• INSTRUCTIONS TO FOLLOW: Set out exactly every line of the entries below, starting at the line that holds "KitchenAid 9-Speed Hand" and stopping after the line that holds "Contemporary Hermes Cape".

• ENTRIES SHOWN:
"""
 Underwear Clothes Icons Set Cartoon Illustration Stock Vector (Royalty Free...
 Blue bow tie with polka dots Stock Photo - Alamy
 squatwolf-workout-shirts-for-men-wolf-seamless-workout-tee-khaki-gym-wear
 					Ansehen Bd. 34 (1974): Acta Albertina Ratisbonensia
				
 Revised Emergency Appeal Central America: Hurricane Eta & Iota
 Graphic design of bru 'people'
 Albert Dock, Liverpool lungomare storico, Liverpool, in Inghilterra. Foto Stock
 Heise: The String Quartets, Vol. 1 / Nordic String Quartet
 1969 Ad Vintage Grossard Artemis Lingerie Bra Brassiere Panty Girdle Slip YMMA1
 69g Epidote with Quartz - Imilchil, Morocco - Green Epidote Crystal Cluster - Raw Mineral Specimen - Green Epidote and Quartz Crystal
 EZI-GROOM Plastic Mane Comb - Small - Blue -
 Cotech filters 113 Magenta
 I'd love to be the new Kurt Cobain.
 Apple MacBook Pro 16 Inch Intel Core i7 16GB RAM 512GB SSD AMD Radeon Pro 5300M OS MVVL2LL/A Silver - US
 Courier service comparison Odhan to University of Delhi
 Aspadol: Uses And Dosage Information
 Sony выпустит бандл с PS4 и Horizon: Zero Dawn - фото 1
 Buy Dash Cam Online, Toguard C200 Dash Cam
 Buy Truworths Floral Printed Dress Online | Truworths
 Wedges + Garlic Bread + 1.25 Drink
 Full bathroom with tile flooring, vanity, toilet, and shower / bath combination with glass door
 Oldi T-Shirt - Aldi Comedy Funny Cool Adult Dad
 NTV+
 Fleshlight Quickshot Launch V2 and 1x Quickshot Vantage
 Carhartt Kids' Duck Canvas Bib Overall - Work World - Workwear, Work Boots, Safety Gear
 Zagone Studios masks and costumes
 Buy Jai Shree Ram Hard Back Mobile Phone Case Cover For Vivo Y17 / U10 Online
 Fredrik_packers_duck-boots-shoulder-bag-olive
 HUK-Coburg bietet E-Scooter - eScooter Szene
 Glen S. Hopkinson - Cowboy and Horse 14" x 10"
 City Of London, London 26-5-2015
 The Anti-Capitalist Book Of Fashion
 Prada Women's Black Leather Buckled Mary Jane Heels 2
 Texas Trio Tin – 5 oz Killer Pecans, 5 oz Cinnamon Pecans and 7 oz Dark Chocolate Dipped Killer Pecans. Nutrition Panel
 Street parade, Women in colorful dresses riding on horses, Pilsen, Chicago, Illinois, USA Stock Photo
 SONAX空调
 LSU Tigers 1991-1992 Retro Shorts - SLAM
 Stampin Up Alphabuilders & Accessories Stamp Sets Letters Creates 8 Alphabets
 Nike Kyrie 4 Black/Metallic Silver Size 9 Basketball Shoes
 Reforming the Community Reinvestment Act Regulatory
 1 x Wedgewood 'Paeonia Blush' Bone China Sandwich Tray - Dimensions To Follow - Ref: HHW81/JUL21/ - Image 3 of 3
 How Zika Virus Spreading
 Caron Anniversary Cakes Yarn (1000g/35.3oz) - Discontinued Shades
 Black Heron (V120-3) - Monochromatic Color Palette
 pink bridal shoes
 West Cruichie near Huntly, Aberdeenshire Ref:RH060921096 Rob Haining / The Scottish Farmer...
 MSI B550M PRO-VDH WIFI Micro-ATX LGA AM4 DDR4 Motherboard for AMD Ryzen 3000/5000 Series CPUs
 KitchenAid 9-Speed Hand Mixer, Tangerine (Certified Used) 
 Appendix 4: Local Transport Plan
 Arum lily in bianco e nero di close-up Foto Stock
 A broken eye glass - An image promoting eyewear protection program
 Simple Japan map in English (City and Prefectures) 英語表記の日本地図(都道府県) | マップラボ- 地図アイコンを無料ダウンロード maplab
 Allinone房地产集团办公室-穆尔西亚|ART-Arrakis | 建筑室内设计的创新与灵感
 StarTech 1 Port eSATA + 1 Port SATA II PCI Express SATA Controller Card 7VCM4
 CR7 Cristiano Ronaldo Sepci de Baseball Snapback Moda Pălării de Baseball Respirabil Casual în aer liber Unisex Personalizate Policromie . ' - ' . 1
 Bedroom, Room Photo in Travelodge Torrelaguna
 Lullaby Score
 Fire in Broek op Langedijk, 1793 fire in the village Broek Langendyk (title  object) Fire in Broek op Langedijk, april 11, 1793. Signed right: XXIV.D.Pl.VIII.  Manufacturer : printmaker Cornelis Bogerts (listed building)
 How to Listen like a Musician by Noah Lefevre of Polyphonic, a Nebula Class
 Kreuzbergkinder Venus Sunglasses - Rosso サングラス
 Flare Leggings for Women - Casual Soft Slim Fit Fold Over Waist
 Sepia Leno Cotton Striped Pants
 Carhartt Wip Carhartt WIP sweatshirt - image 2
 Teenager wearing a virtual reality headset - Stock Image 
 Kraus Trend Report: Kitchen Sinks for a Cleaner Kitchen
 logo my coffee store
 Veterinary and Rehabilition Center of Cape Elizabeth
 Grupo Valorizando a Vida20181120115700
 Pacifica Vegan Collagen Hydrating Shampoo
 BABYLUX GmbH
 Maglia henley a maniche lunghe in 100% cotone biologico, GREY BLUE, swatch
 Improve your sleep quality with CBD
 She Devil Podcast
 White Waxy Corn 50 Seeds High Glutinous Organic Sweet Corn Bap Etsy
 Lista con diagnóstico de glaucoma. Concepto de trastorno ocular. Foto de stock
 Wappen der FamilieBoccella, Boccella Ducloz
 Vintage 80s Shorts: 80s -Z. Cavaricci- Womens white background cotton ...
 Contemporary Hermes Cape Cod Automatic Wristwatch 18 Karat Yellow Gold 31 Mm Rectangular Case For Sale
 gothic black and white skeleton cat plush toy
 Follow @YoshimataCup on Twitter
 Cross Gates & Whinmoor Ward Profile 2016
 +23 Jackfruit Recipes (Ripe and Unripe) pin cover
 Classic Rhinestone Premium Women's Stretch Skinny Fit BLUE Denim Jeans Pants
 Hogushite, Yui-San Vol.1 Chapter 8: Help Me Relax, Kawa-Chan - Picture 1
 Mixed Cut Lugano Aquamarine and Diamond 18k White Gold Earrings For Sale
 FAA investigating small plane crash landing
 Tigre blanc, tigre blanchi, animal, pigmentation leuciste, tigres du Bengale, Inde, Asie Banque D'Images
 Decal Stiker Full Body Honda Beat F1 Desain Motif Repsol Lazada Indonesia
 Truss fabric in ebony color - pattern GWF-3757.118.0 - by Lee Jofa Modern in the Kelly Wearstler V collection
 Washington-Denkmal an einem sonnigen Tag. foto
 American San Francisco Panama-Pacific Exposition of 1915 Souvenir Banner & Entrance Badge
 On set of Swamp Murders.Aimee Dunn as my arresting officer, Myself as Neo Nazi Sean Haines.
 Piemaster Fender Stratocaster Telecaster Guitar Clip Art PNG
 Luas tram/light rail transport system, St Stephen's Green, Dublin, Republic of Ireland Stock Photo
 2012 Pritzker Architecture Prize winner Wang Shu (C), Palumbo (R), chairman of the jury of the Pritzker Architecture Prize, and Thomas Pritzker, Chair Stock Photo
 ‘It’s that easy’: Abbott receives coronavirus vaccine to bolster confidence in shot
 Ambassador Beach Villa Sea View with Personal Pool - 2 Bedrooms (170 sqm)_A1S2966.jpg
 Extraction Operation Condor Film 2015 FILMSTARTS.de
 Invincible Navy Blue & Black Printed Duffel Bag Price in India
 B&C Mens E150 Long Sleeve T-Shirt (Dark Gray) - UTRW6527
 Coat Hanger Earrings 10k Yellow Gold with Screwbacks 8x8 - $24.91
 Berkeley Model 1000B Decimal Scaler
"""
• EXERCISE RESULT:
 KitchenAid 9-Speed Hand Mixer, Tangerine (Certified Used) 
 Appendix 4: Local Transport Plan
 Arum lily in bianco e nero di close-up Foto Stock
 A broken eye glass - An image promoting eyewear protection program
 Simple Japan map in English (City and Prefectures) 英語表記の日本地図(都道府県) | マップラボ- 地図アイコンを無料ダウンロード maplab
 Allinone房地产集团办公室-穆尔西亚|ART-Arrakis | 建筑室内设计的创新与灵感
 StarTech 1 Port eSATA + 1 Port SATA II PCI Express SATA Controller Card 7VCM4
 CR7 Cristiano Ronaldo Sepci de Baseball Snapback Moda Pălării de Baseball Respirabil Casual în aer liber Unisex Personalizate Policromie . ' - ' . 1
 Bedroom, Room Photo in Travelodge Torrelaguna
 Lullaby Score
 Fire in Broek op Langedijk, 1793 fire in the village Broek Langendyk (title  object) Fire in Broek op Langedijk, april 11, 1793. Signed right: XXIV.D.Pl.VIII.  Manufacturer : printmaker Cornelis Bogerts (listed building)
 How to Listen like a Musician by Noah Lefevre of Polyphonic, a Nebula Class
 Kreuzbergkinder Venus Sunglasses - Rosso サングラス
 Flare Leggings for Women - Casual Soft Slim Fit Fold Over Waist
 Sepia Leno Cotton Striped Pants
 Carhartt Wip Carhartt WIP sweatshirt - image 2
 Teenager wearing a virtual reality headset - Stock Image 
 Kraus Trend Report: Kitchen Sinks for a Cleaner Kitchen
 logo my coffee store
 Veterinary and Rehabilition Center of Cape Elizabeth
 Grupo Valorizando a Vida20181120115700
 Pacifica Vegan Collagen Hydrating Shampoo
 BABYLUX GmbH
 Maglia henley a maniche lunghe in 100% cotone biologico, GREY BLUE, swatch
 Improve your sleep quality with CBD
 She Devil Podcast
 White Waxy Corn 50 Seeds High Glutinous Organic Sweet Corn Bap Etsy
 Lista con diagnóstico de glaucoma. Concepto de trastorno ocular. Foto de stock
 Wappen der FamilieBoccella, Boccella Ducloz
 Vintage 80s Shorts: 80s -Z. Cavaricci- Womens white background cotton ...
 Contemporary Hermes Cape Cod Automatic Wristwatch 18 Karat Yellow Gold 31 Mm Rectangular Case For Sale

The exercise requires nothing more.